2. Recent Dune Activity

MOC2-170, Proctor Dunes, August 1999. Since first seen in Mariner 9 images of Mars, the isolated dune fields within large impact craters have been of great interest, as their dark colour indicates that the light dust that covers much of the planet does not accumulate on the sandy surfaces. This indicates that the dunes must be active – moving – and that we might, with time, eventually see evidence of changes that allow us to measure the effectiveness of wind erosion on Mars. The dune field in the picture above shows evidence of recent activity, as dark sand has been mobilized and transported across surfaces covered by the late-winter remains of seasonal frost.’

BAA and other observations (mostly concerning the polar regions), 1999 July 16–August 31

North Polar Region

The OAA (Japan) has reported observations of both the hood and ground cap during July 1–15, the hood predominating, with the situation changeable from day to day and especially with CM longitude. Since the last Circular, further supporting BAA data have come to hand for the first half of July. Observations for the second half of the month continue to show the NPH.

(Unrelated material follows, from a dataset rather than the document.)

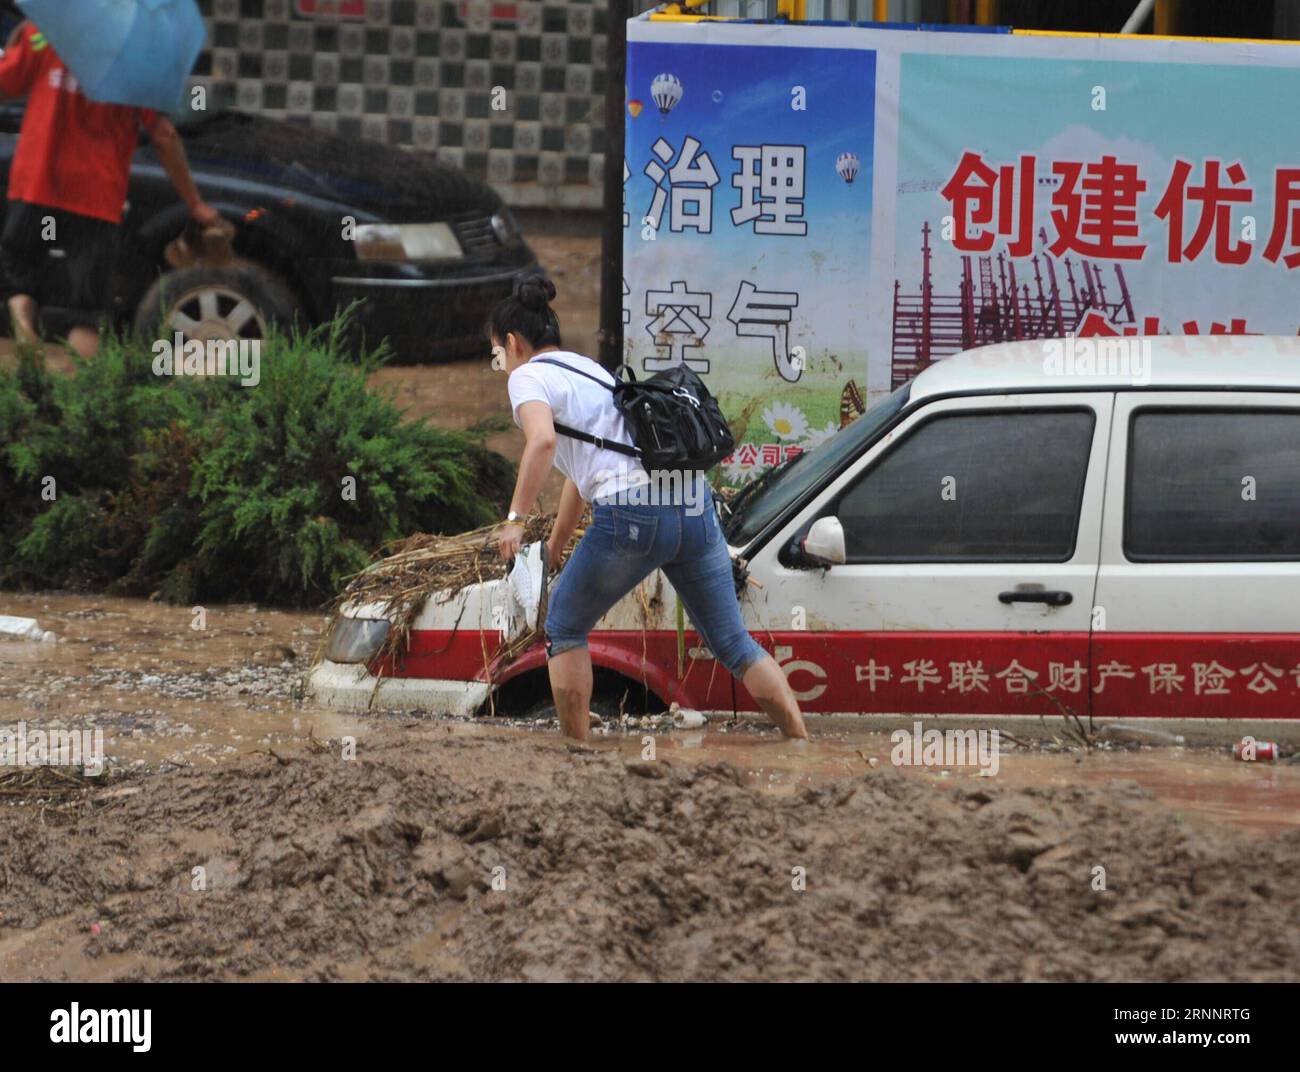 (170727) -- YULIN, July 27, 2017 -- A girl wades in the mud in Suide County of Yulin City, northwest China s Shaanxi Province, July 27, 2017. Torrential rain has battered the city of Yulin since Tuesday evening. In the worst-hit Suide and Zizhou counties, precipitation from 8 a.m. Tuesday to 7 a.m. Wednesday exceeded 200 millimeters, according to the provincial flood control headquarters. ) (zx) CHINA-SHAANXI-FLOODS (CN) ZhangxBowen PUBLICATIONxNOTxINxCHN   Yulin July 27 2017 a Girl Wade in The Mud in suide County of Yulin City Northwest China S Shaanxi Province July 27 2017 torrential Rain ha Stock Photo

      Minami writes in OAA Circular No. 221: ‘This apparition provided a rare opportunity to watch the moment we had after these 15 years since 1984… We will meet 160 deg. Ls again in mid-May 2001 with apparent diameter 16 arcsec, but the sub-Earth point will be [in] the southern hemisphere.’ The Director agrees. It is rare to have this opportunity to watch the NPC to NPH transition with favourable presentation and disk size. A well-documented apparition for the transition from ground cap to hood is that of 1905. After re-examining Percival Lowell’s published sketchbook Drawings of Mars, 1905 in my library, I was struck with the enormous energy of Lowell for examining the planet so frequently. If we ignore the stylised representation of the albedo features, the polar region seems to be very accurately portrayed. The transition from cap to hood that year is also recounted in one of Lowell’s popular books. But despite his 24-inch Clark OG, Lowell could only watch at one terrestrial longitude.

South Polar Region

The S. limb has remained bright, though not always at all longitudes. While I am sure that the ground cap must have already formed, it may be overlaid with the hood sometimes, and it is not easy to see with severe foreshortening and bad seeing on the increasingly tiny disk. Some observers refer explicitly to a ground cap. In the longitudes of Argyre and Solis Lacus the SPH was especially bright in July (e.g., Parker’s images of July 21 and 24), but more data are needed for August. Again, I do not intend to report upon white cloud activity on the planet generally.

The BAA martian dust storm Memoir

By the time this Circular reaches you, the delivery of the Mars Memoir will be just a few weeks away. The Memoir will be advertised in the December 1999 BAA Journal, and I am hoping Sky and Telescope will mention it. (For details, see Memoir)


This is the last Circular for the current apparition. Although further data will be much appreciated, I do not intend to issue further Circulars for the 1998–99 apparition. If something exceptional happens I will try to report it in the Journal.

A big thank you to all those who supported the Section this apparition. My congratulations upon your fine observations, which I am now working to get into print! See you all in 2001.